Efficient Variable Automatic Buffers
By Matthew Wilson
Automatic variables, including arrays, are substantially quicker than dynamically allocating storage from the heap. However, since automatic variables actually occupy space in the program stack reserved by the compiler, they are of a fixed size. Though some compilers and platforms provide facilities for dynamically allocating stack space by adjusting the stack pointer, this support is neither standard nor universal, and is quite limited.
In this article, I present auto_buffer, a simple, platform-independent STLSoft template class (http://stlsoft.org/) that attempts to fulfill dynamically sized allocations from an encapsulated array; otherwise, it allocates space from its parameterizing allocator. Because auto_buffer lets programmers specify the size of the encapsulated memory as a parameter to the template, this scheme gives you more control over memory allocation.
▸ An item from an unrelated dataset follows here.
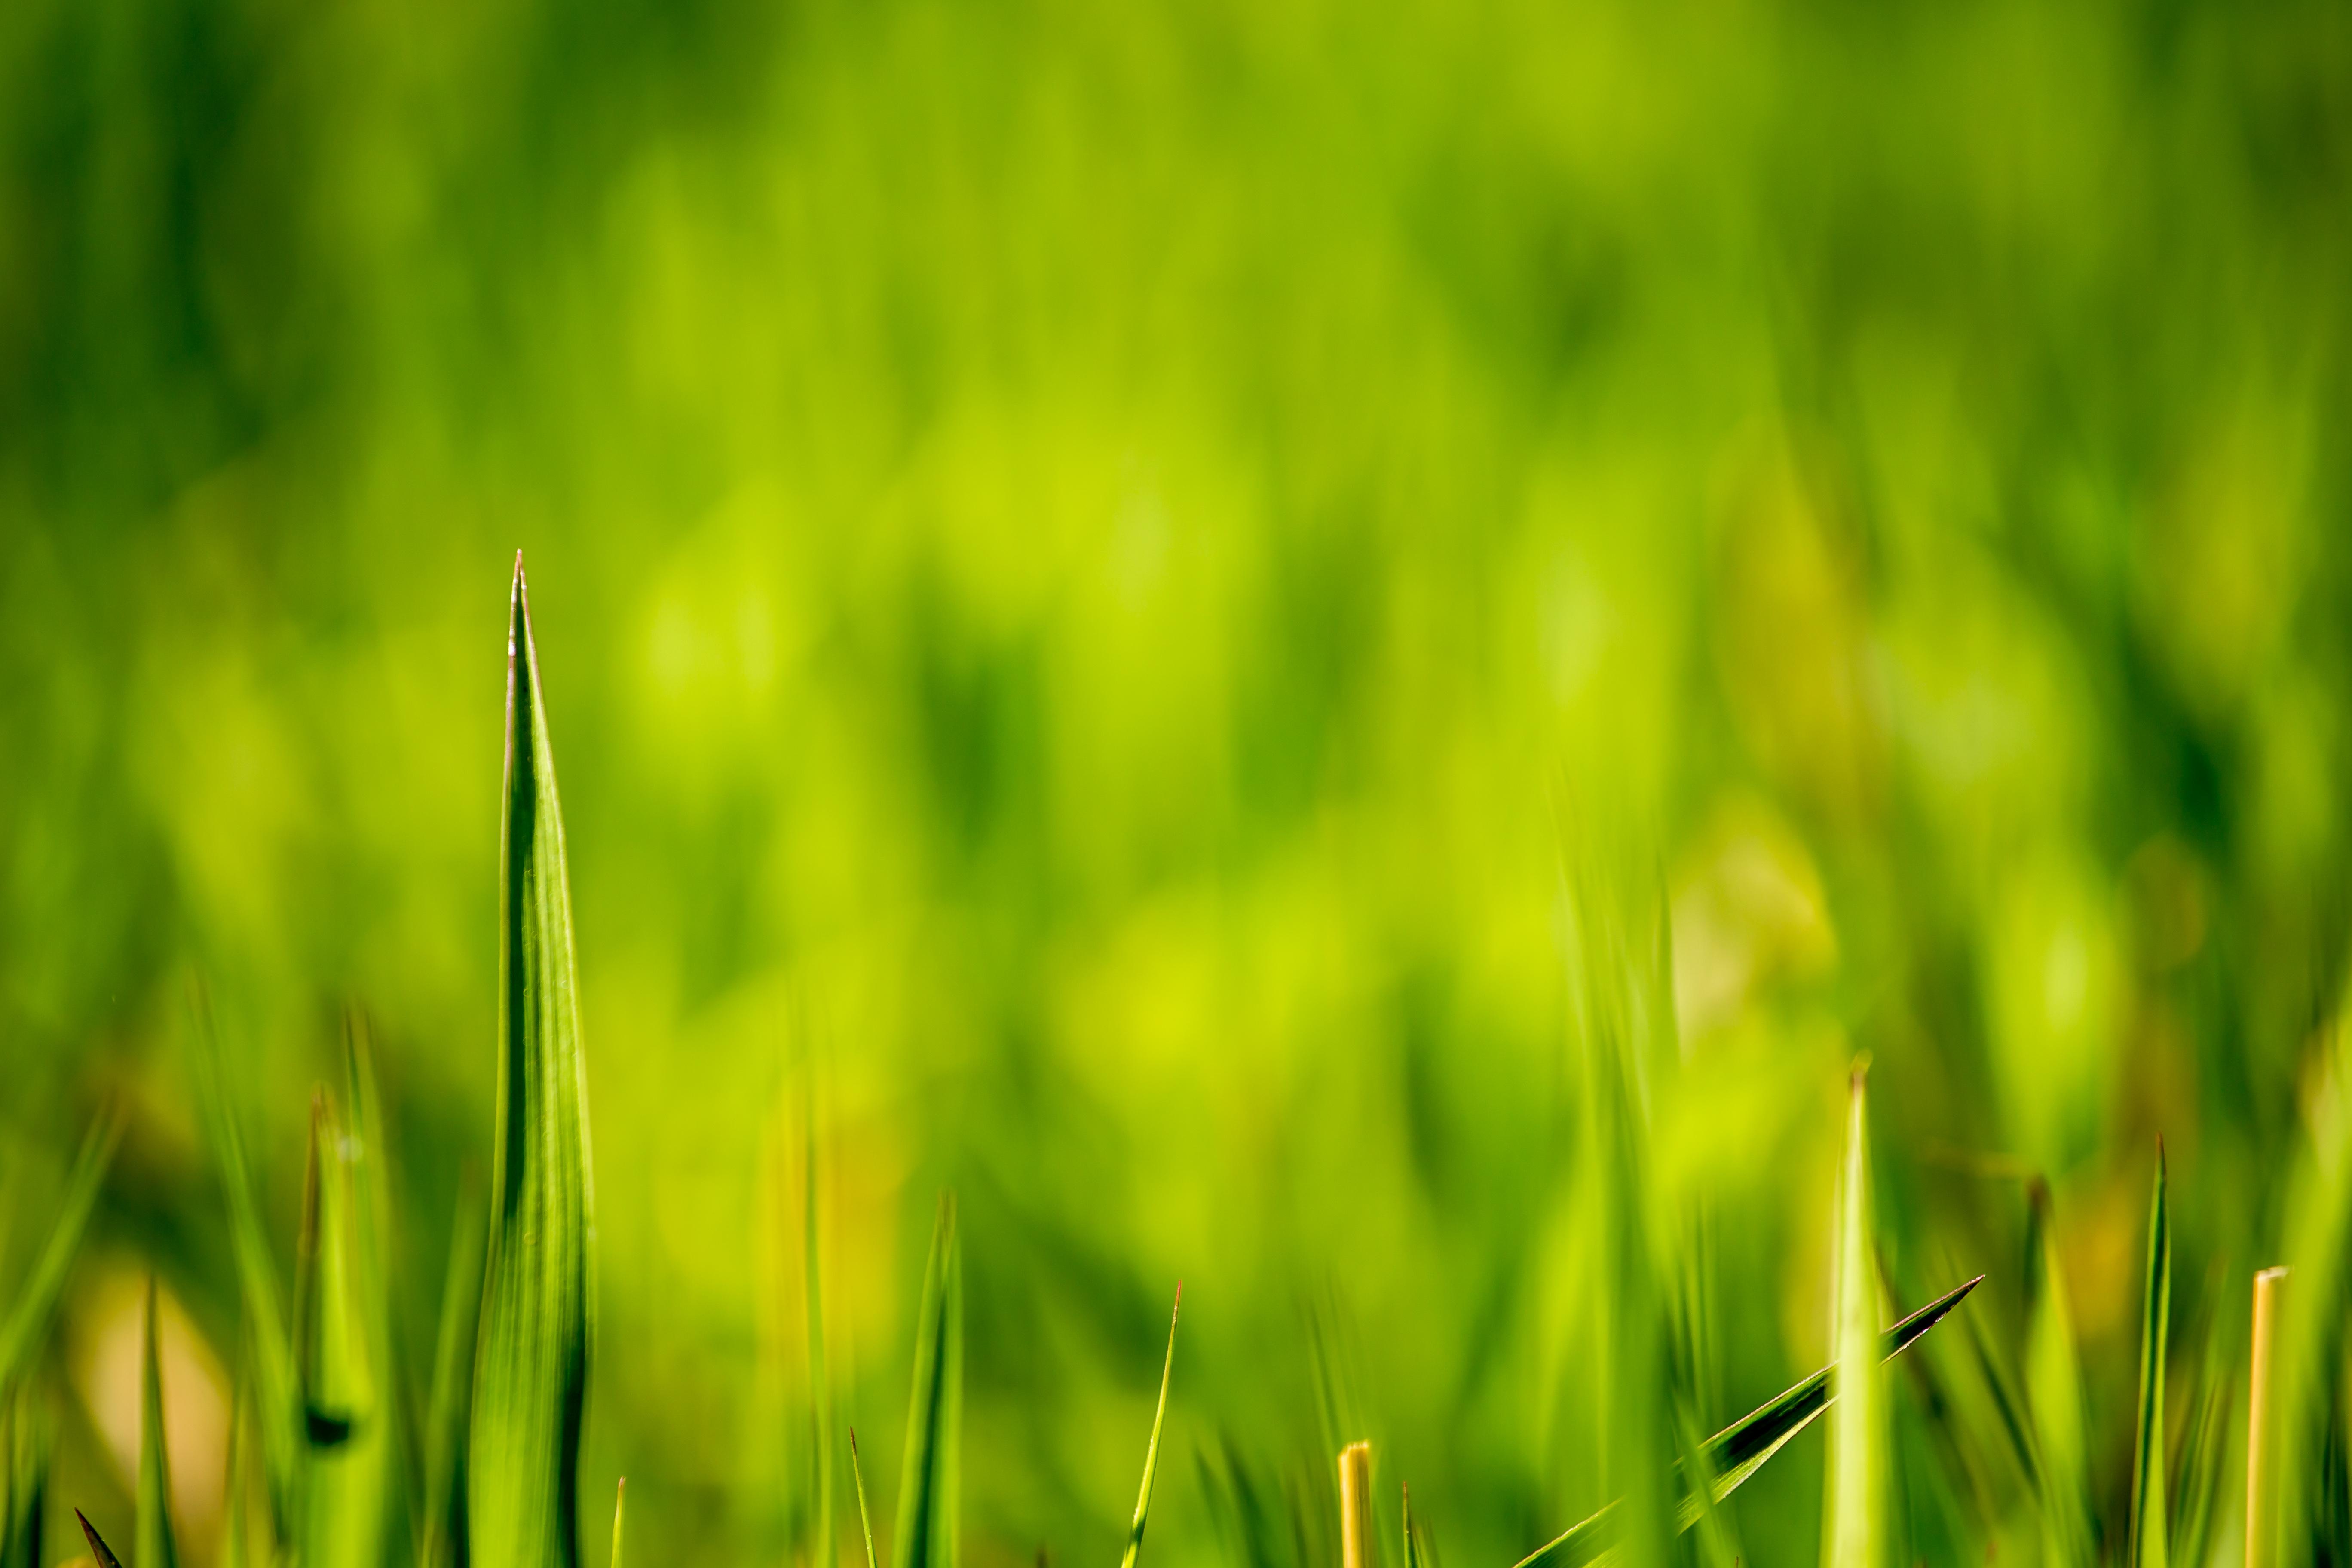 12 Beautiful Green Grass Field Hd Wallpapers Osxdaily

Such control is especially significant in circumstances of limited stack or when stack allocations over system page size are undesirable. You can also use instances of auto_buffer in object composition as well as with variable automatic variables.
Stack variables are allocated from the executing thread's stack, in the scope of the local block within which they are defined, by adjustment of the stack pointer. Global variables are fixed in program global memory and allocated by reservation of space in the global memory area. In Listing 1, m1 is a global variable, m2 a stack variable, and m3 (a stack variable that points to) heap memory. Here, I focus on the implications of the use of stack memory, although some of the issues I discuss also apply to global memory.
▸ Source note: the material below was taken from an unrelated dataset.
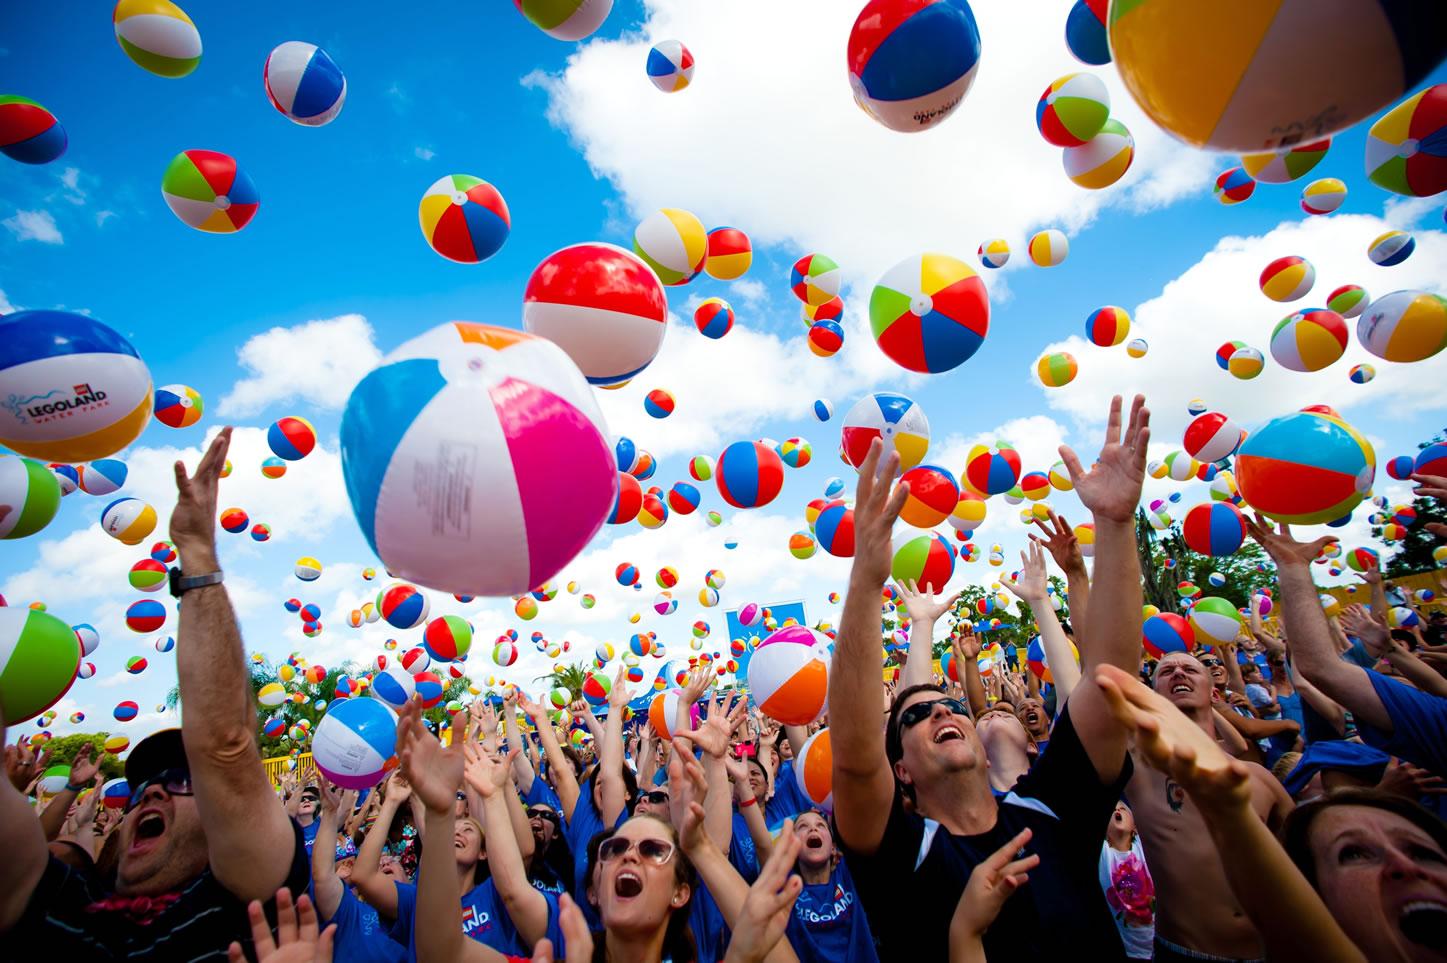 Promotional Inflatables | Beach Balls, Bang Bang Sticks ... |Many Beach Balls

Since the allocation of memory for global and stack variables is carried out at compile time, there is no actual "allocation" simply a manipulation of pointers or addresses. Disregarding virtual-memory issues, the memory already exists. Consequently, this form of memory allocation is extremely efficient; in fact, it is the most efficient form of memory allocation. An additional advantage is that you can determine, at compile time, the size of the available memory via the sizeof operator.
However, since the allocation is carried out at compile time, it can only be of fixed, predetermined size. This is often perfectly acceptable such as when, for example, dealing with filesystem entity names, which have a fixed maximum on most platforms. When writing such code, you can simply declare a buffer of the maximum potential size, confident that passing it to any function will not result in buffer overwrites. However, when dealing with APIs whose functions may use buffers of any length (the Windows Registry API, for instance), you can never guarantee to have a fixed buffer of sufficient size (though most of us have written RegXxx() code passing buffers of _MAX_PATH size!).
Another disadvantage of stack variables is that variables within a single function having a combined size above a certain (operating system) threshold can cause compilers to insert stack-checking code, thereby binding the executable to the C-Runtime Library.
You have a number of alternatives to fixed-size stack memory. Heap memory, the most obvious option, is the opposite of frame memory. It is obtained from the heap, or from one of a set of heaps, at runtime. Every heap API requires a function to allocate memory (malloc()) and, except where using garbage collection, a corresponding function to return it (free()).The advantage of heap memory is that the size of the buffer can be any practical size within the limitations of the runtime system (although some older memory APIs restrict the maximum size of individual buffers).
The main disadvantage of heap memory is that heap allocations are considerably slower than stack/global allocations (due to the complexity of implementing the memory-allocation schemes to reclaim and defragment freed memory). Additionally, it is possible that the request may not actually be satisfiable at runtime, requiring client code to manage that eventuality (whether through exception handling or through testing the returned value against NULL). Finally, if you forget to free allocated chunks, your process will likely die a slow death through memory exhaustion.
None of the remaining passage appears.